BAKU, Azerbaijan, Dec.7
By Leman Zeynalova – Trend:
OPEC+ decision allows maximum flexibility but it also means more uncertainty for the market, Spencer Welch, director of the oil markets and downstream team in the London-based IHS Markit told Trend.
He noted that now OPEC+ has to meet every month and there will be speculation on what they are going to do. “This is one more unknown to add to the oil market equation.”
“They have agreed to review and adjust each month, starting with production increase of 500,000 b/d in January 2021. This shows that there are tensions with OPEC+ on how much to increase and how fast. It also shows that the oil market is dynamic and so OPEC+ is uncertain on what is going to happen and how much oil they need to keep off the market to keep a balance.
The uncertainties are: Biden victory and its impact on Iran and Venezuela oil sanctions and also impact on US crude production, COVID-19 and how fast vaccines will be distributed and oil demand will return to “normal”,” he said.

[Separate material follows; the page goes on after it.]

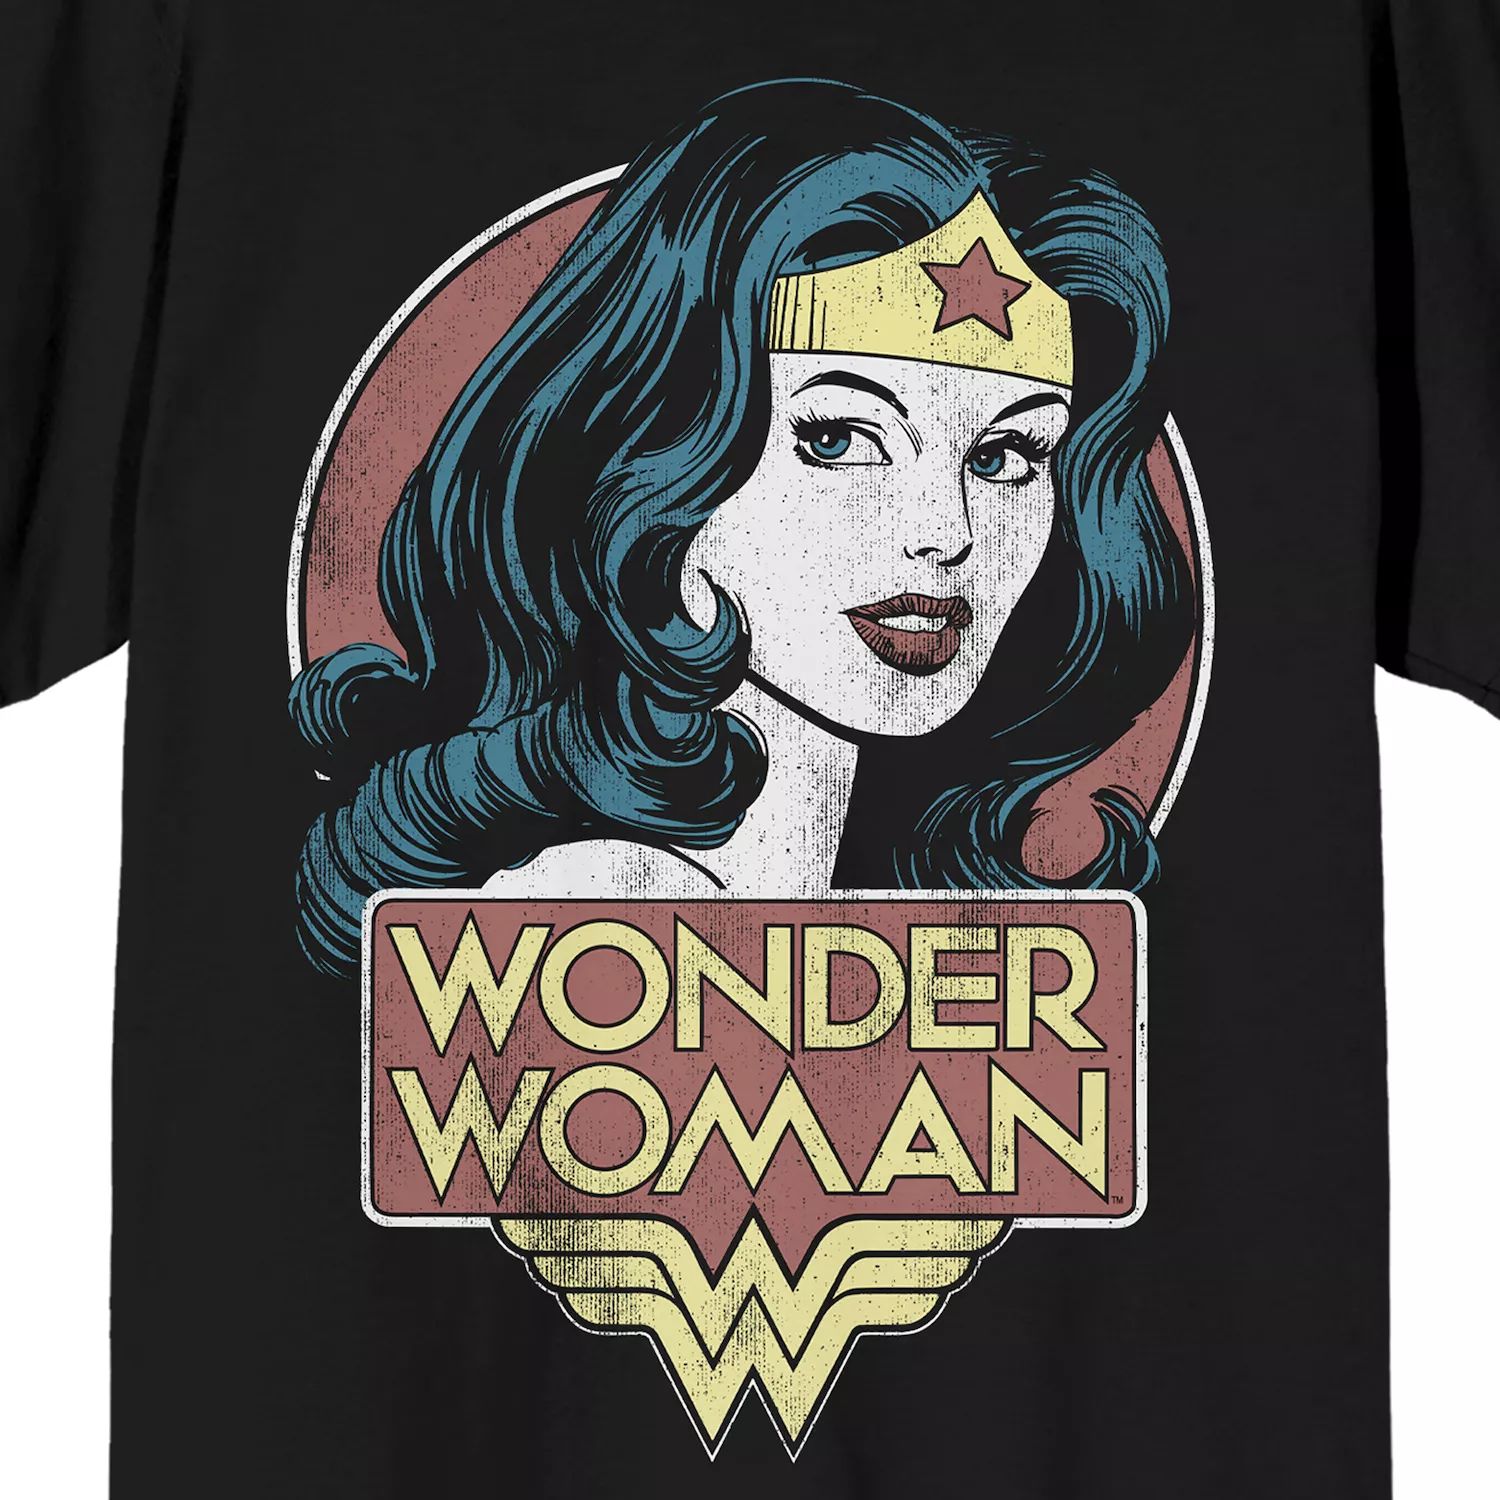 Мужская футболка Wonder Woman с портретом Licensed Character
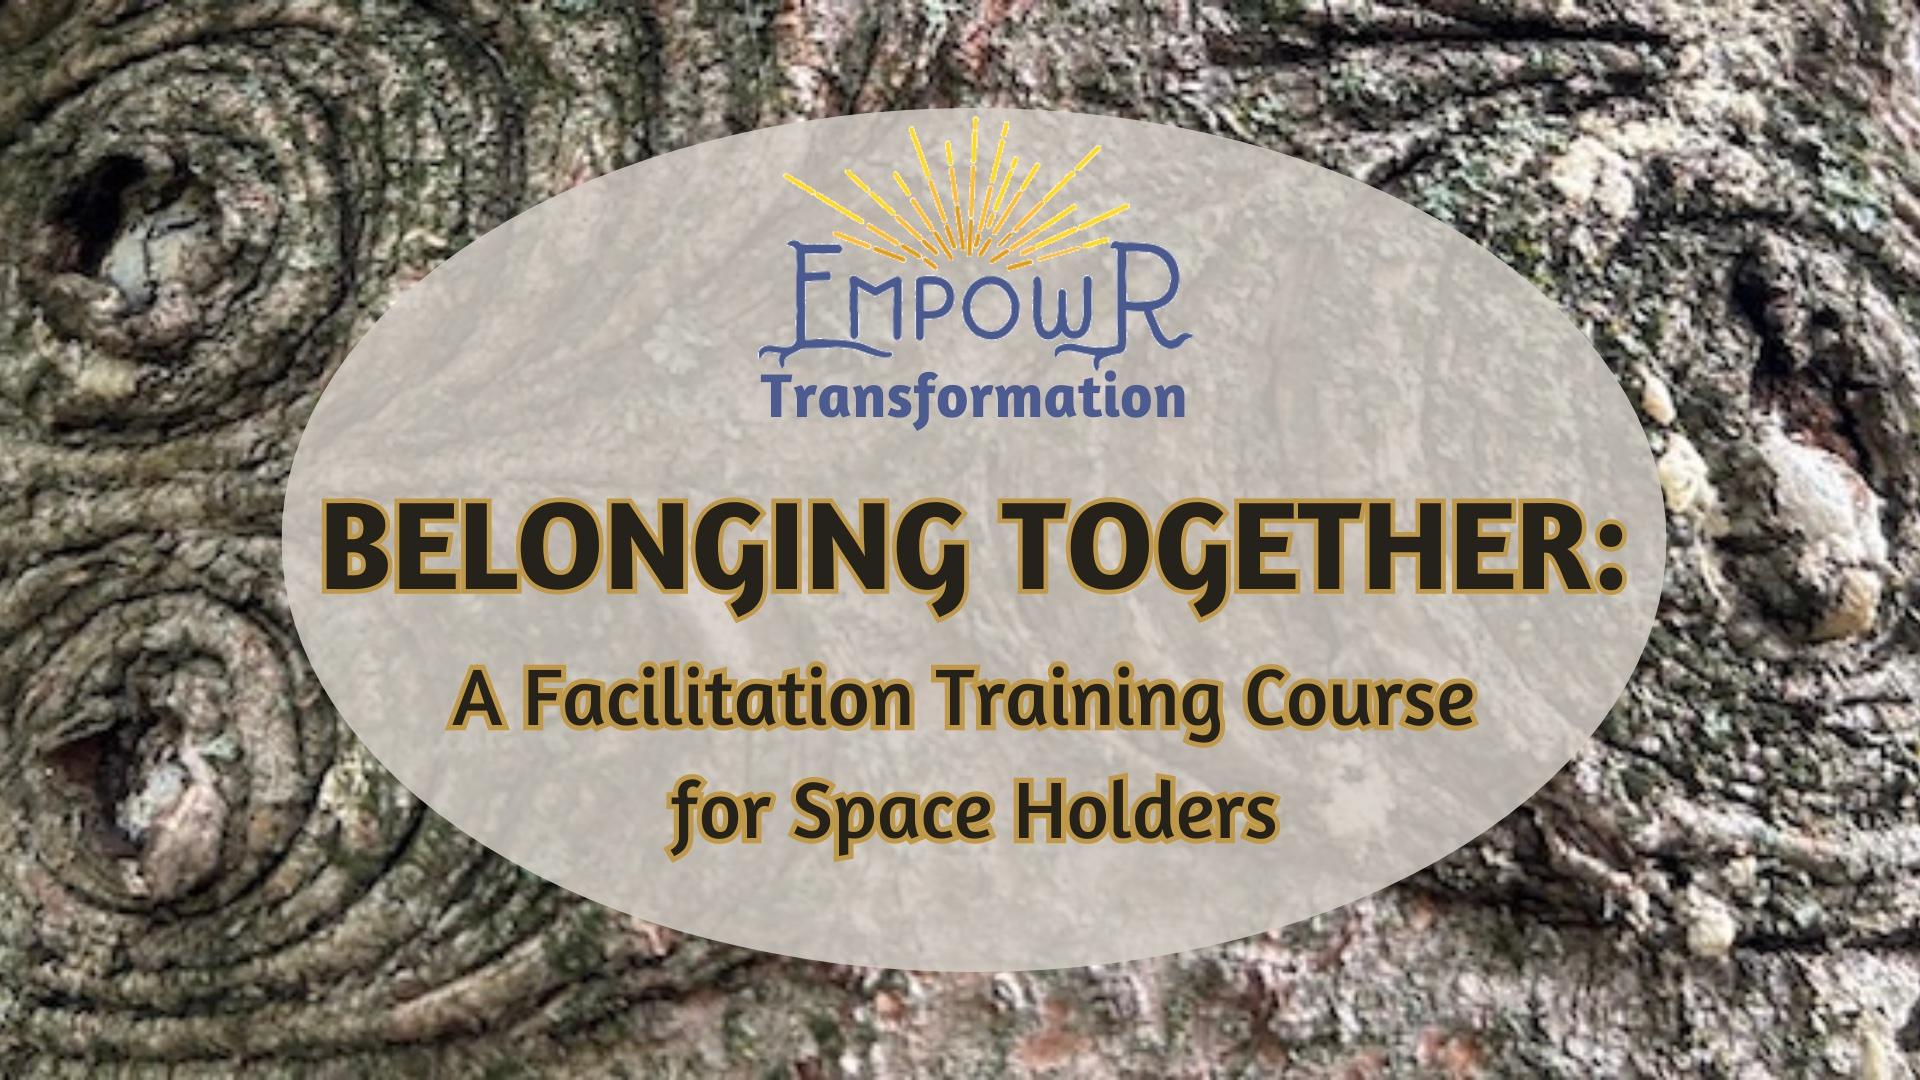 Facilitation Training Course

Wood Mackenzie vice president Ann-Louise Hittle said that after the initial OPEC session on 30 November, without its non-OPEC partners, signs of discord pointed to doom for the concept of a simple rollover of current levels of production restraint of 7.7 million b/d. “Under the April OPEC+ agreement, that restraint was due to ease to a 5.8 million b/d cut on 1 January 2021.”
“During November, the idea of delaying that easing in production restraint took hold. This reflected widespread concerns that weaker-than-expected global demand would lead to a large oversupply in the first quarter, unless OPEC+ held back from the nearly 2 million b/d planned increase.”
The OPEC+ Joint Ministerial Monitoring Committee (JMMC) will meet in January to consider if the 500,000 b/d cut in restraint should be continued for February, or possibly doubled.
“This week’s compromise reflects a determination to avoid a repeat of the price war in March and April this year.
“The compromise agreement, if continued through February and March by adding 0.5 million b/d to each of these months on top of the previous month’s increase, leads to an oversupply of 1.6 million b/d for Q1 2021.
“We expect Brent to hold a floor near US$40 per barrel in January and average at least US$45 per barrel for the month with this agreement,” Hittle said.